I have only 2 computers and I read that it has no penality in this situation but other processors do have a penality. For this reason I would appreciate it, if you folks could run the attached test software on your processor, report the measurement results and the name of your processor.
Test results (output of the programm):
Code:
what this programm does
-----------------------
This programm is going to run several pieces of code with SIMD-instructions and measure the execution time in machine cycles.
The code pieces are made to check wether processors exist which have a penality when it's about executing SIMD-instructions with mixed datatypes.
The programm is going to run several tests. Before executing some test code the programm will show the code. While running a test the programm will execute the code 4,096 times in a loop. The execution time of the loop foot is included in the measurement result. The measurement result will show the execution time of the whole loop (several tenthousand machine cycles) + a few instructions extra to keep track of the measurement results (less than 100 machine cycles). The loop is going to be executed many times and only the lowest execution time is going to be showed because it contains the lowest amount of interference from other programms and the operating system.
possible crash warning
----------------------
The programm is going to execute
- the instruction "read time-stamp counter" ("rdtsc"), which exists since 1993 with the introduction of the Pentium processor,
- instructions from the instruction set "streaming single instruction multiple data extensions" ("SSE"), which exists since 26th February 1999 with the introduction of the Pentium 3 processor, and
- instructions from the instruction set "streaming single instruction multiple data extensions 2" ("SSE2"), which exists since 20th November 2000 with the introduction of the Pentium 4 processor.
Even though the requirements for running this programm are probably met by most processors, there is still a slight chance that your processor does not support the execution of one of the instructions, even if your processor is relatively new.
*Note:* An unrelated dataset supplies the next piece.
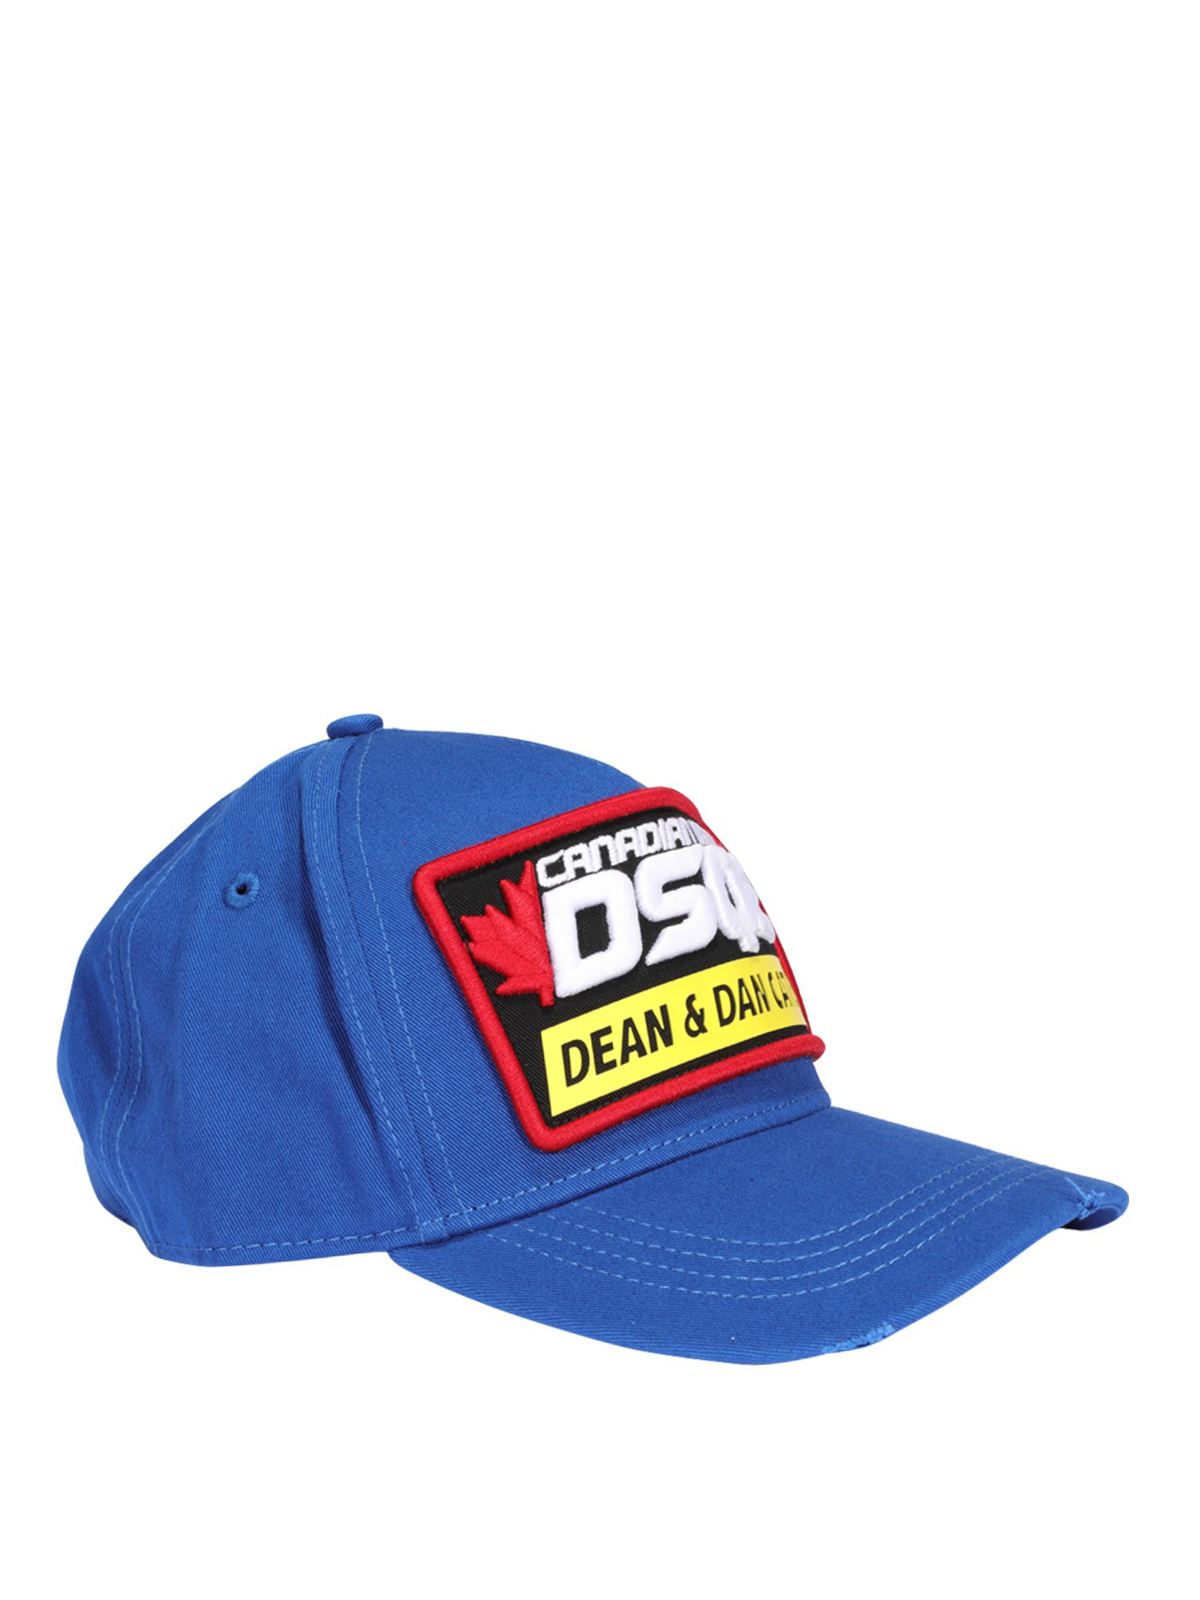 DSQUARED2 LOGO PATCH BLUE BASEBALL CAP

This simple programm is not going tocheck wether your processor meets the execution requirements and therefore might crash instead of outputting the measurement results.
test -1 (empty loop body)
-------------------------
data movement: none
arithmetic: none
code:
none
execution time in machine cycles: 8218
test 0
------
data movement: integer/general purpose
arithmetic: integer
code:
/*|*/
# move aligned double quadword (integer/general purpose; SSE2)
# movdqa xmm0, RAM[eax]
66 0F 6F 00
# subtract packed integers (integer; SSE2)
# psub xmm0, xmm1
66 0F FA C1
# subtract packed integers (integer; SSE2)
# psub xmm0, xmm2
66 0F FA C2
# subtract packed integers (integer; SSE2)
# psub xmm0, xmm3
66 0F FA C3
/*|*/
# subtract packed integers (integer; SSE2)
# psub xmm0, xmm4
66 0F FA C4
# move aligned double quadword (integer/general purpose; SSE2)
# movdqa RAM[eax], xmm0
66 0F 7F 00
execution time in machine cycles: 53284
test 1
------
data movement: floating point
arithmetic: integer
code:
/*|*/
# move aligned packed single-precision floating-point values (floating point; SSE)
# movaps xmm0, RAM[eax]
0F 28 00
# subtract packed integers (integer; SSE2)
# psub xmm0, xmm1
66 0F FA C1
# subtract packed integers (integer; SSE2)
# psub xmm0, xmm2
66 0F FA C2
# subtract packed integers (integer; SSE2)
# psub xmm0, xmm3
66 0F FA C3
# subtract packed integers (integer; SSE2)
# psub xmm0, xmm4
66/*|*/ 0F FA C4
# move aligned packed single-precision floating-point values (floating point; SSE)
# movaps RAM[eax], xmm0
0F 29 00
execution time in machine cycles: 53284
test 2
------
data movement: floating point
arithmetic: floating point
code:
/*|*/
# move aligned packed single-precision floating-point values (floating point; SSE)
# movaps xmm0, RAM[eax]
0F 28 00
# subtract packed single-precision floating-point values (floating point; SSE)
# subps xmm0, xmm1
0F 5C C1
# subtract packed single-precision floating-point values (floating point; SSE)
# subps xmm0, xmm2
0F 5C C2
# subtract packed single-precision floating-point values (floating point; SSE)
# subps xmm0, xmm3
0F 5C C3
# subtract packed single-precision floating-point values (floating point; SSE)
# subps xmm0, xmm4
0F 5C C4
# move aligned packed single-precision floating-point values (floating point; SSE)
# movaps RAM[eax], xmm0
0F/*|*/ 29 00
execution time in machine cycles: 5435423
test 3
------
data movement: floating point and integer
arithmetic: floating point and integer
code:
/*|*/
# move aligned packed single-precision floating-point values (floating point; SSE)
# movaps xmm0, RAM[eax]
0F 28 00
# subtract packed single-precision floating-point values (floating point; SSE)
# subps xmm0, xmm1
0F 5C C1
# subtract packed integers (integer; SSE2)
# psub xmm0, xmm2
66 0F FA C2
# subtract packed single-precision floating-point values (floating point; SSE)
# subps xmm0, xmm3
0F 5C C3
# subtract packed integers (integer; SSE2)
# psub xmm0, xmm4
66 0F FA/*|*/ C4
# move aligned double quadword (integer/general purpose; SSE2)
# movdqa RAM[eax], xmm0
66 0F 7F 00
execution time in machine cycles: 2968889
I have no idea why the execution time of test 2 and 3 is so high.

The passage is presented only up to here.